During its brief history as a publicly traded company, the cryptocurrency exchange Global Coinbase (NASDAQ: COIN) exceeded expectations by an incredible margin. For example, analysts believed the company would report a profit of $ 2.33 per share in the second quarter of 2021. Coinbase actually made a profit of $ 6.42, beating estimates by 176%.
But according to TipRanks, analysts are extremely divided over Coinbase stock, which is trading at around $ 260 per share at the time of writing. Price targets are as high as $ 500 and as low as $ 220. Obviously, Wall Street doesn’t know what to think of this company.
Sometimes a confusion like this presents an opportunity for those who can see it clearly. It’s not clear if this applies to Coinbase stock, but it looks like the rise is underestimated here.
Develop the core business
Coinbase has two main groups of customers: institutional investors like hedge funds and retail investors like you and me. The company generated 88% of its total revenue in the second quarter by charging fees for transactions. But even though institutional investors have significantly more assets on the platform and trade more often, 95% of that transaction income comes from retail investors.
Coinbase needs to monetize institutional investors better, but for now let’s accept the business model for what it is. Based on the numbers we’ve seen, it needs to expand its retail investor user base to grow its core business, and it has a number of ways to do that.
First, Coinbase can expand the list of cryptocurrencies it supports. For those who don’t know, there is thousands cryptocurrencies, and each requires a specific support infrastructure. You can’t just throw them on the platform.
To the company’s credit, it added 22 new crypto assets in the second quarter alone, a quarterly record. And perhaps that is part of the reason why it has seen a strong growth in the number of users. It had 8.8 million monthly transaction users in the second quarter, down from just 1.5 million in the same quarter last year.
Second, Coinbase can go international. At present, the company is working to enter Germany and Japan. This is a challenge, as each country has its own regulations regarding cryptocurrencies. However, with such a small user base, Coinbase has an oversized chance to grow by expanding its network overseas.
Many investors rightly approach Coinbase shares with great caution. Cryptocurrency has always been volatile, motivating people to trade often. Remember: the business profits disproportionately with frequent transactions. Therefore, if trade declines with increased stability of the cryptocurrency, its business model could collapse.
However, consider two things. First of all, potential Coinbase investors are compensated for this risk with low-cost action. The company is very profitable and trades only 22 times dragging profits, according to data from YCharts, an almost unprecedented valuation for a fintech share.
Second, Coinbase puts its money back into the business. According to management, its capital allocation strategy has 70% of the capital invested to improve the core business, 20% used for strategic investments and 10% devoted to innovation with new products. Experienced investors will recognize this last element as the desirable trait called optional.
Here are two examples of the optionality of Coinbase. First, the company supports popular cryptocurrency Bitcoin. But it now has a feature called Bitcoin Borrow, allowing users to borrow money using Bitcoin as collateral. It also recently launched Coinbase Card from Visa so that users can spend their cryptocurrency on everyday purchases.
Coinbase Cloud is a more compelling example of this option. Cryptocurrencies live on blockchains, but they’re not the only thing that can be built on the underlying blockchain technology. Various decentralized applications can also be built on blockchains, and Coinbase wants its cloud product to become the de facto these are built. Management envisions Coinbase Cloud becoming like Amazon Web services but for cryptocurrency. It could be a huge opportunity if cryptocurrency becomes a bigger and more sustainable movement.
A wallet turbocharger?
In summary, Coinbase stock is a risky investment, as its primary source of income has questionable longevity. However, the company cannot be completely ruled out, as its current growth gives it the option offered by its significant financial resources. Its non-transaction-based income has grown more than 15 times over the past 12 months, so it’s clear that Coinbase is mitigating the risks to its core business by developing other sources of income.

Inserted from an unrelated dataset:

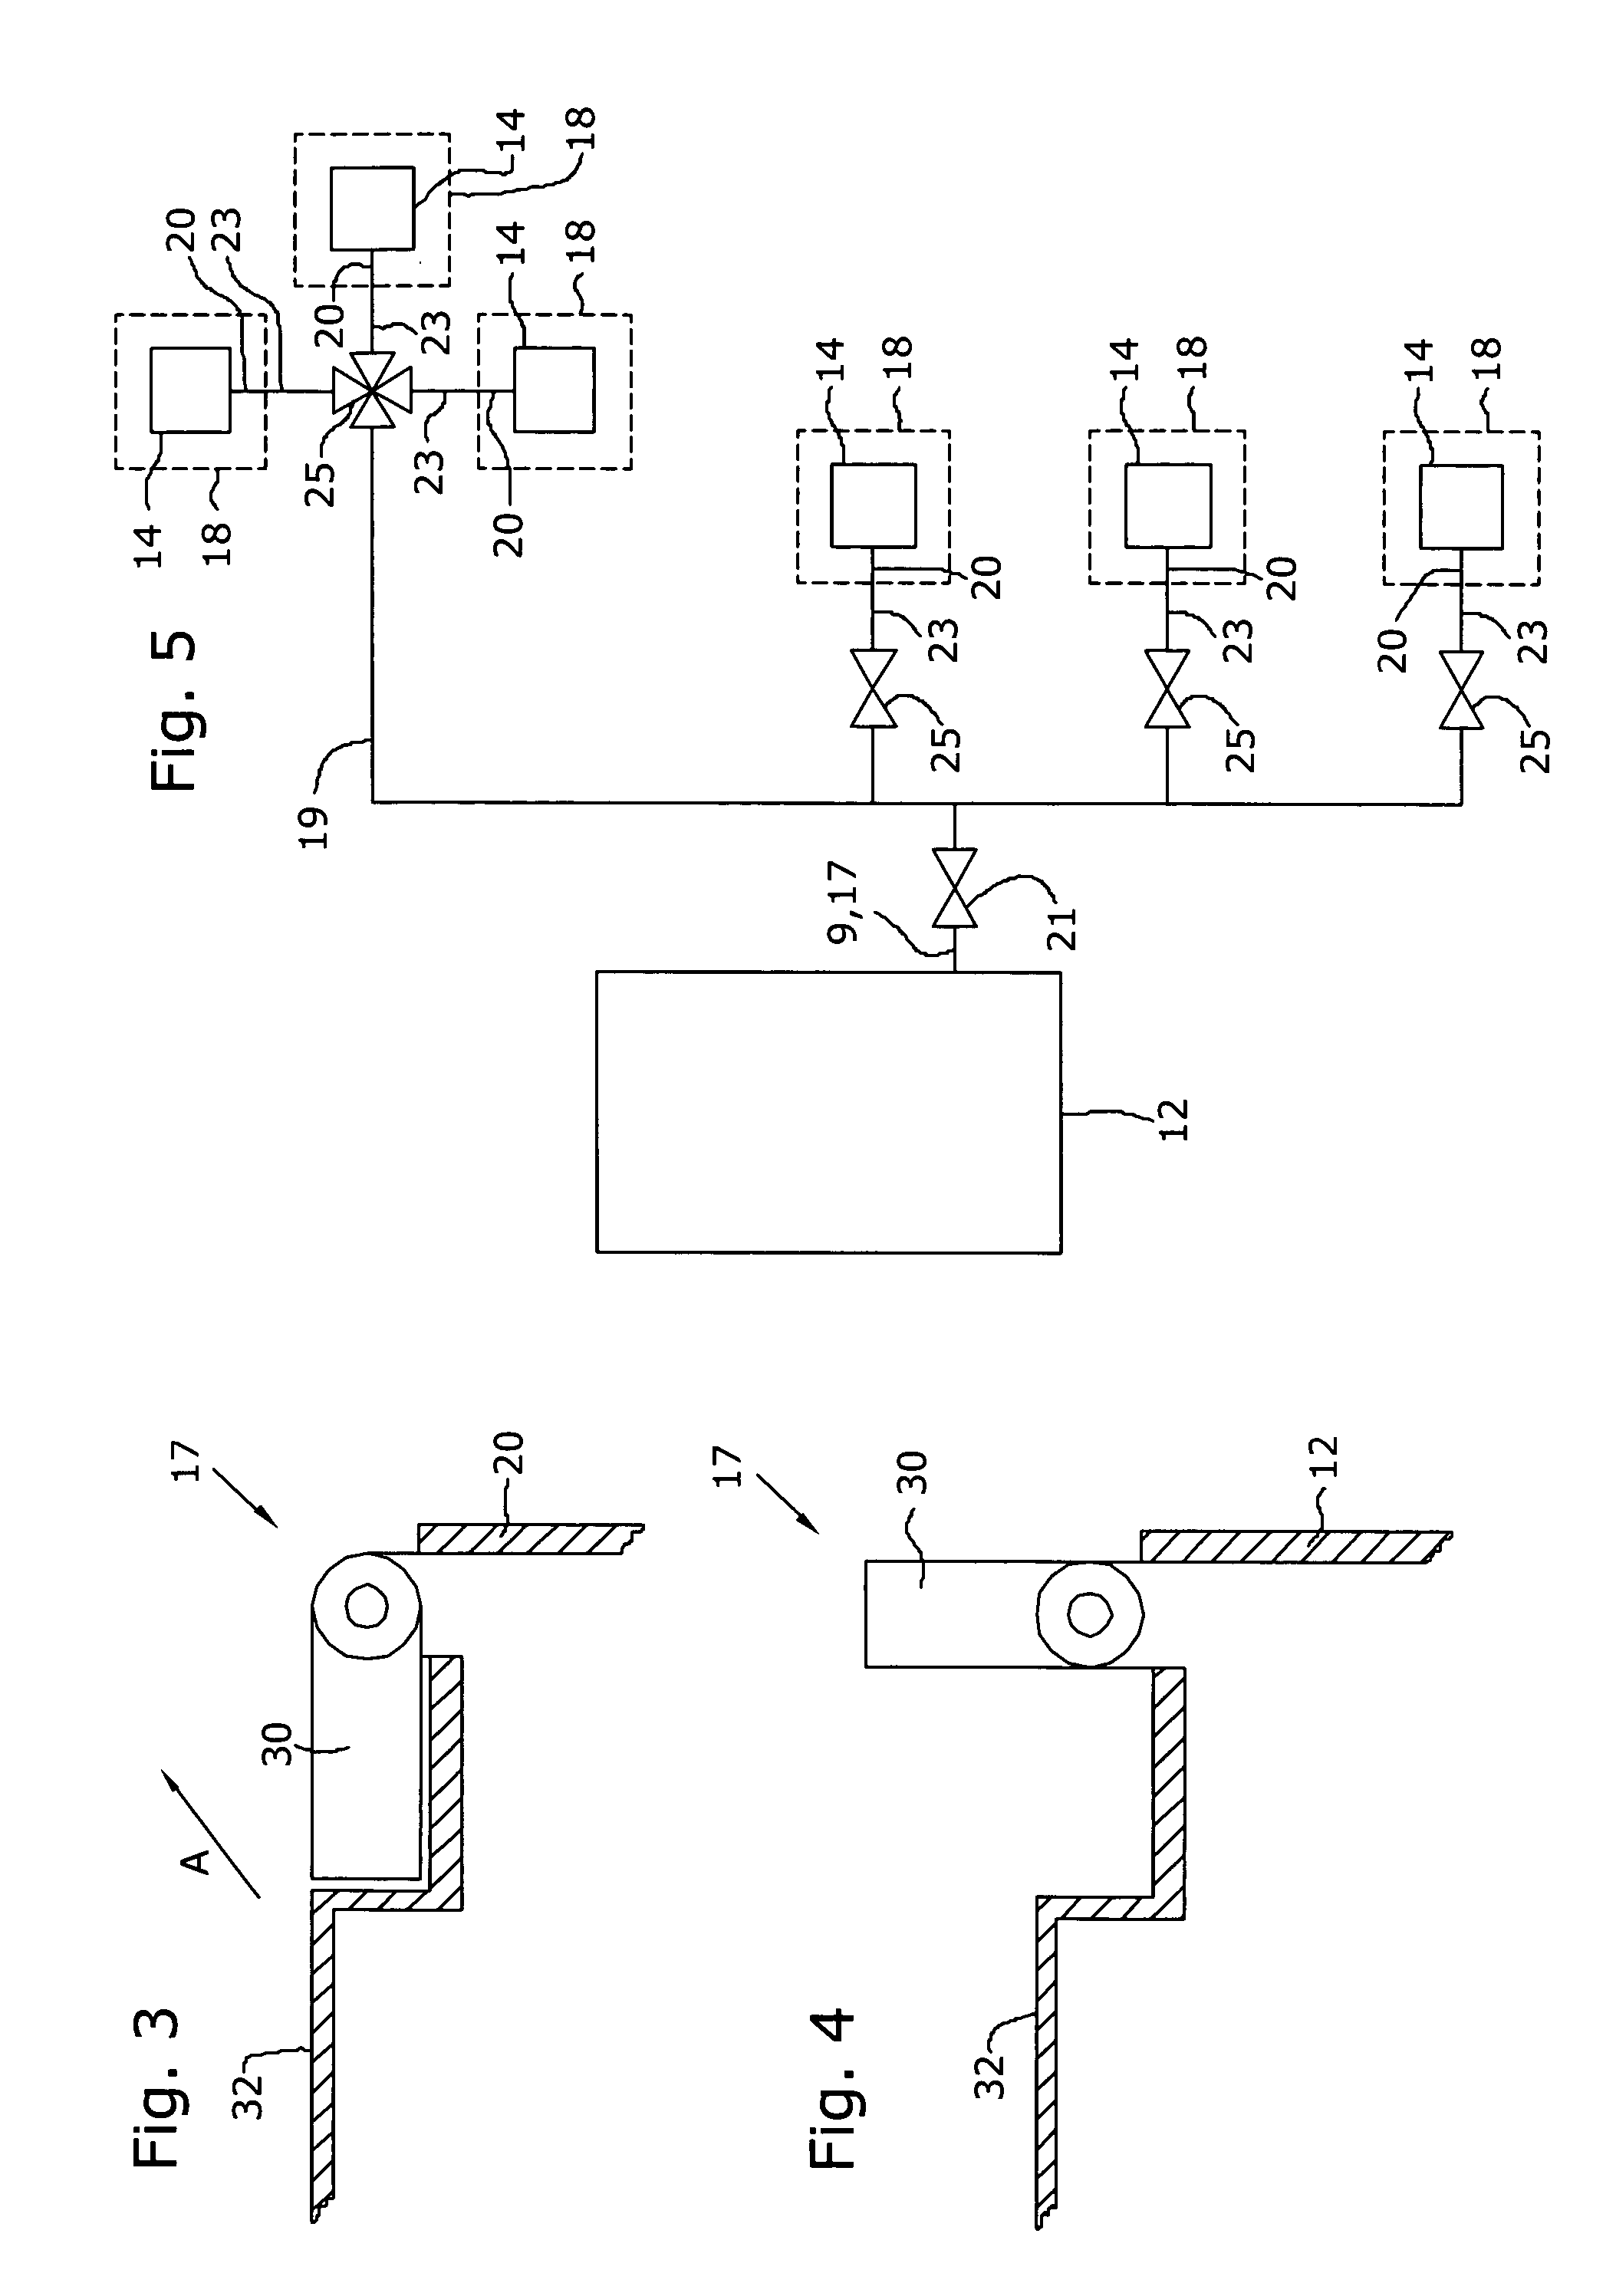 Method and apparatus for filling a fuel container

The cryptocurrency space is still young, so it’s hard to predict what it will look like in five to 10 years. However, if you are thinking that cryptocurrency is still in its infancy, then Coinbase stock seems worth adding to a diverse portfolio.
However, I wouldn’t make a big bet on Coinbase shares today. The risk that cryptocurrency trading volumes decline is still relevant. But if this company implements its vision, then even a small portfolio allocation could increase your overall returns in the years to come.
This article represents the opinion of the author, who may disagree with the âofficialâ recommendation position of a premium Motley Fool consulting service. We are motley! Challenging an investment thesis – even one of our own – helps us all to think critically about investing and make decisions that help us become smarter, happier, and richer.